→ **Raw data**
▼▼▼

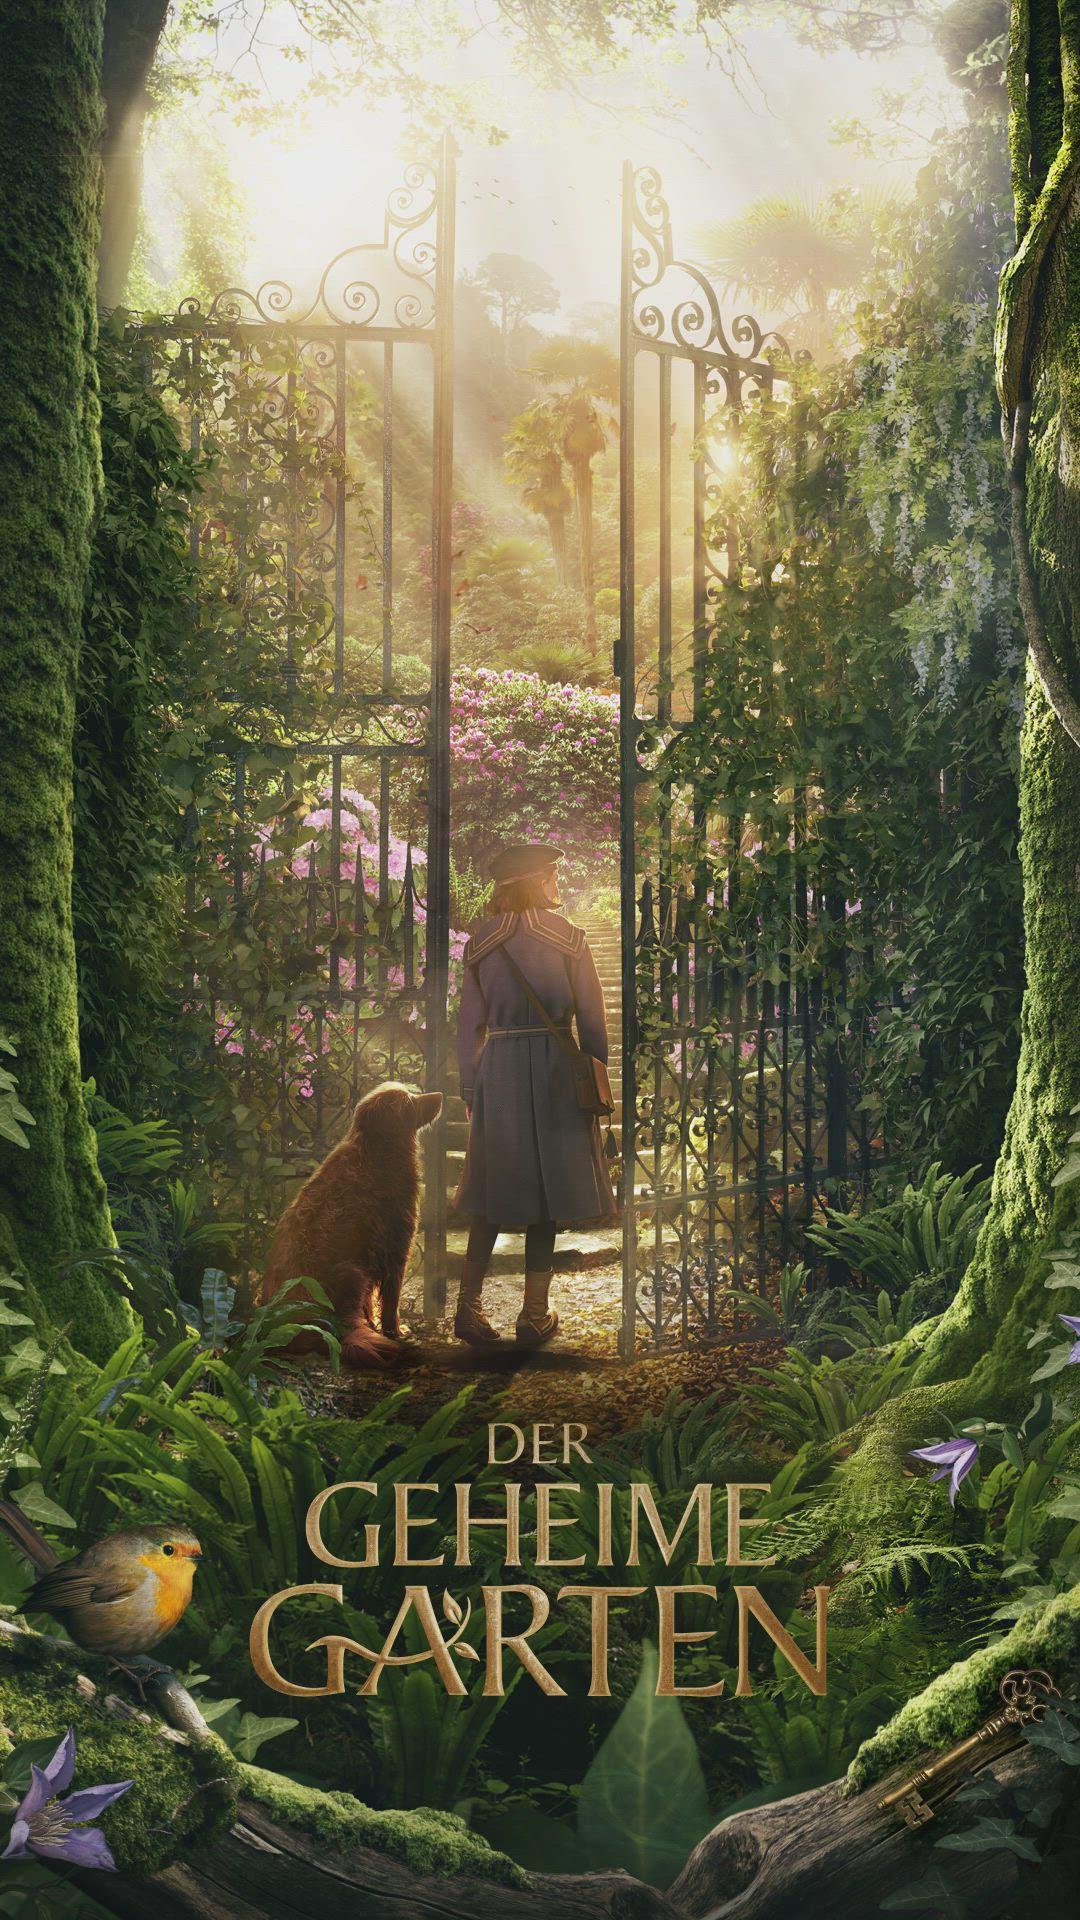 Der Geheime Garten Ab 15 Oktober Im Kino Video In 2020 Geheime Garten Geheimer Garten Coole Filme
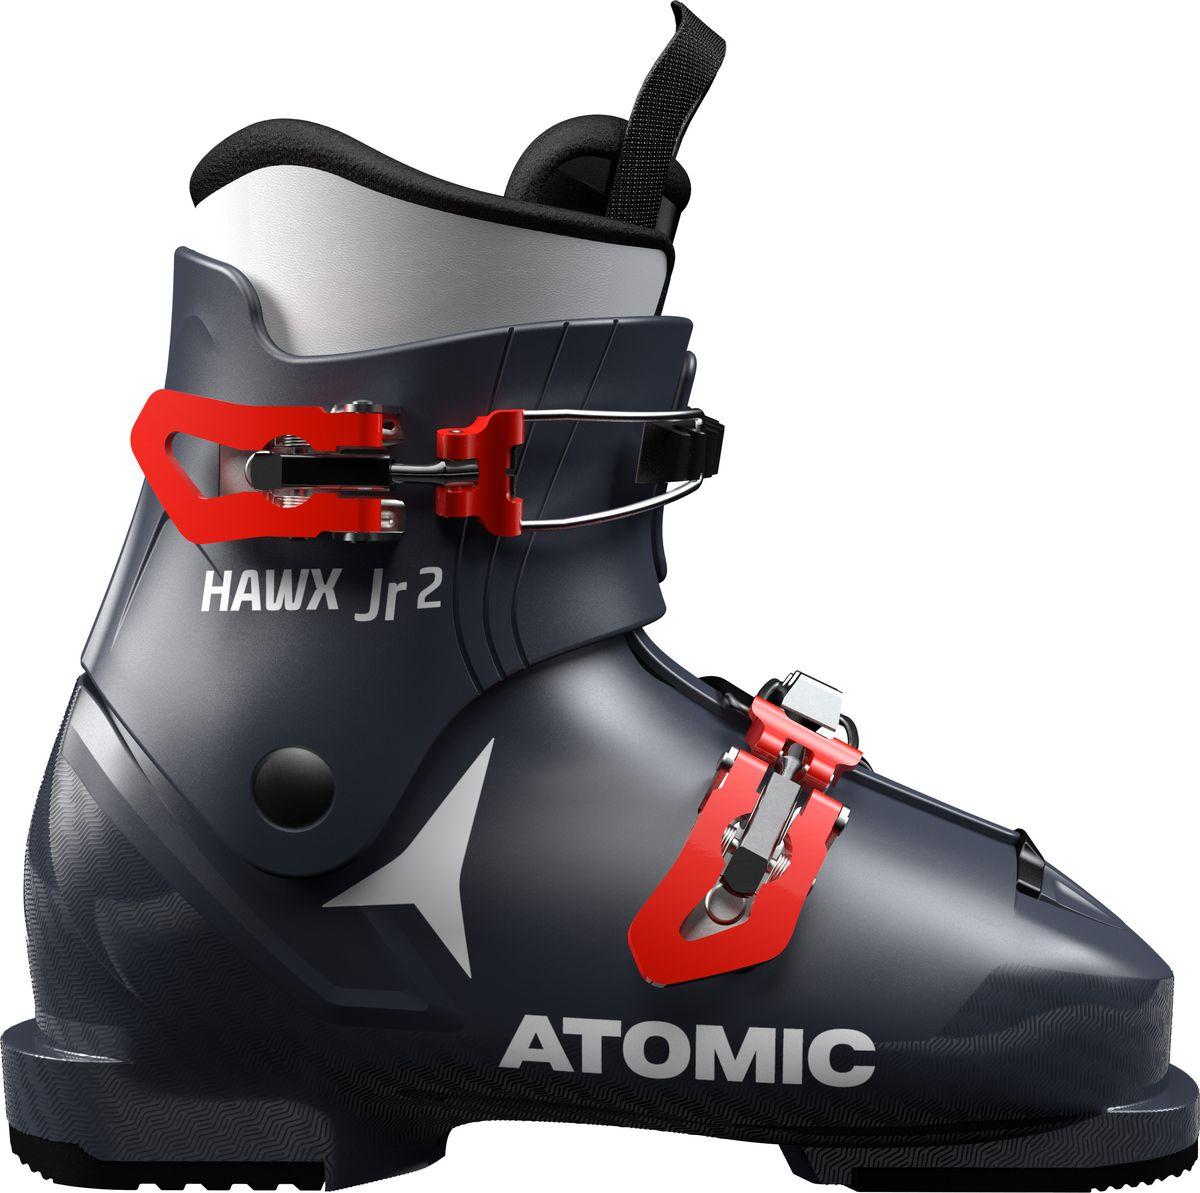 Ботинки горнолыжные Atomic Hawx Jr 2, цвет: темно-синий, зеленый. Размер 29,5/30 горнолыжные ботинки atomic atomic hawx magna 110
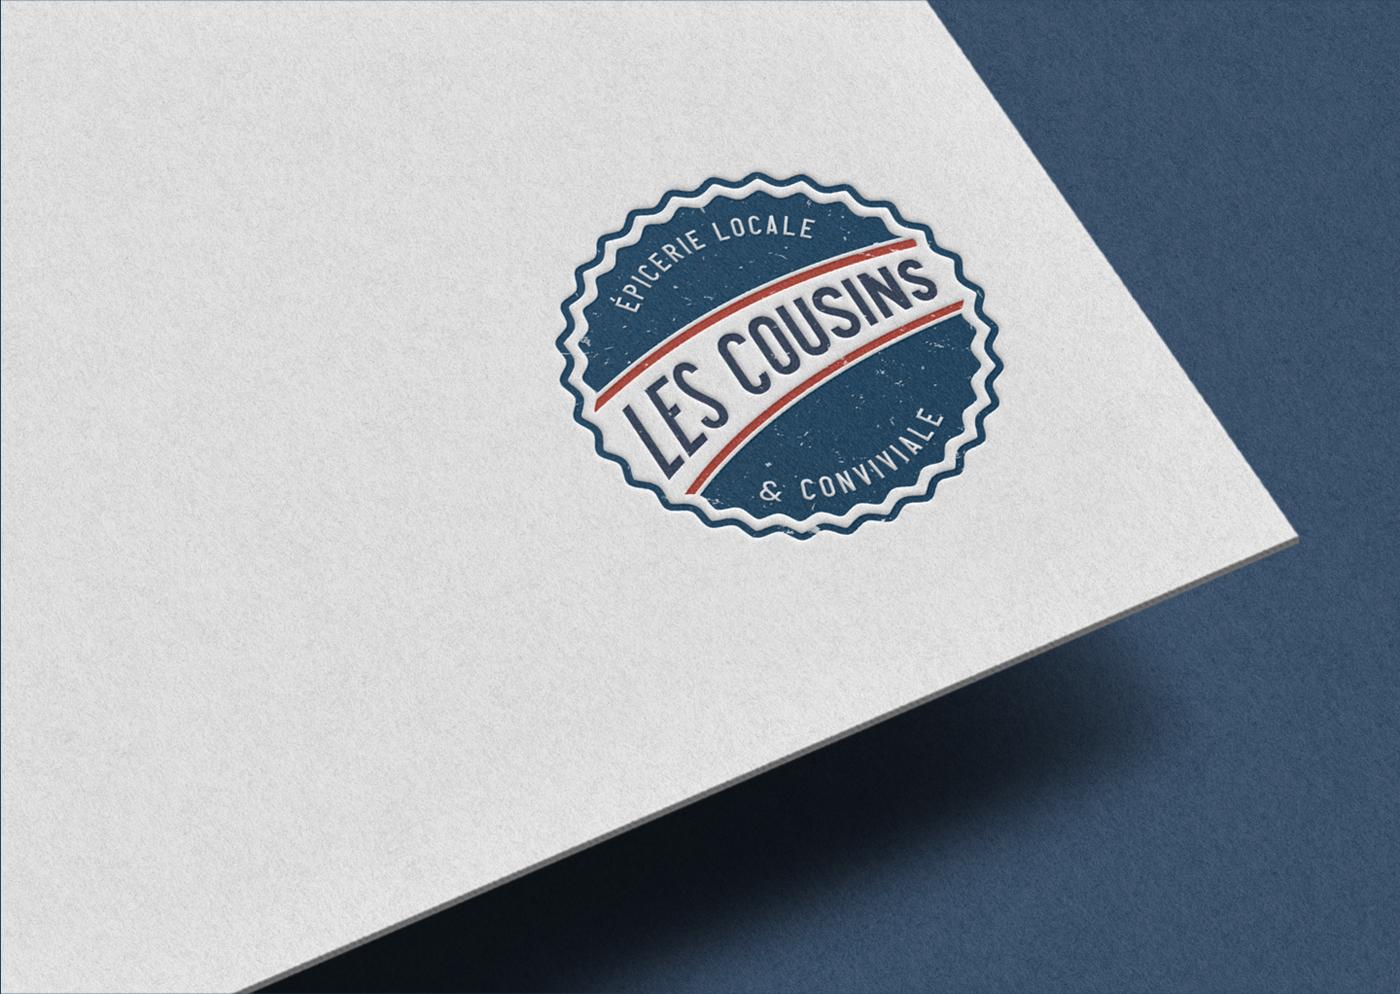 Les Cousins logo secondaire embossé - Mathieu Dupuis freelance

▲▲▲

→ **Task to complete**
In full and without change, repeat the material above, minus the pictures.

→ **Answer section**
 Der Geheime Garten Ab 15 Oktober Im Kino Video In 2020 Geheime Garten Geheimer Garten Coole Filme
 Ботинки горнолыжные Atomic Hawx Jr 2, цвет: темно-синий, зеленый. Размер 29,5/30 горнолыжные ботинки atomic atomic hawx magna 110
 Les Cousins logo secondaire embossé - Mathieu Dupuis freelance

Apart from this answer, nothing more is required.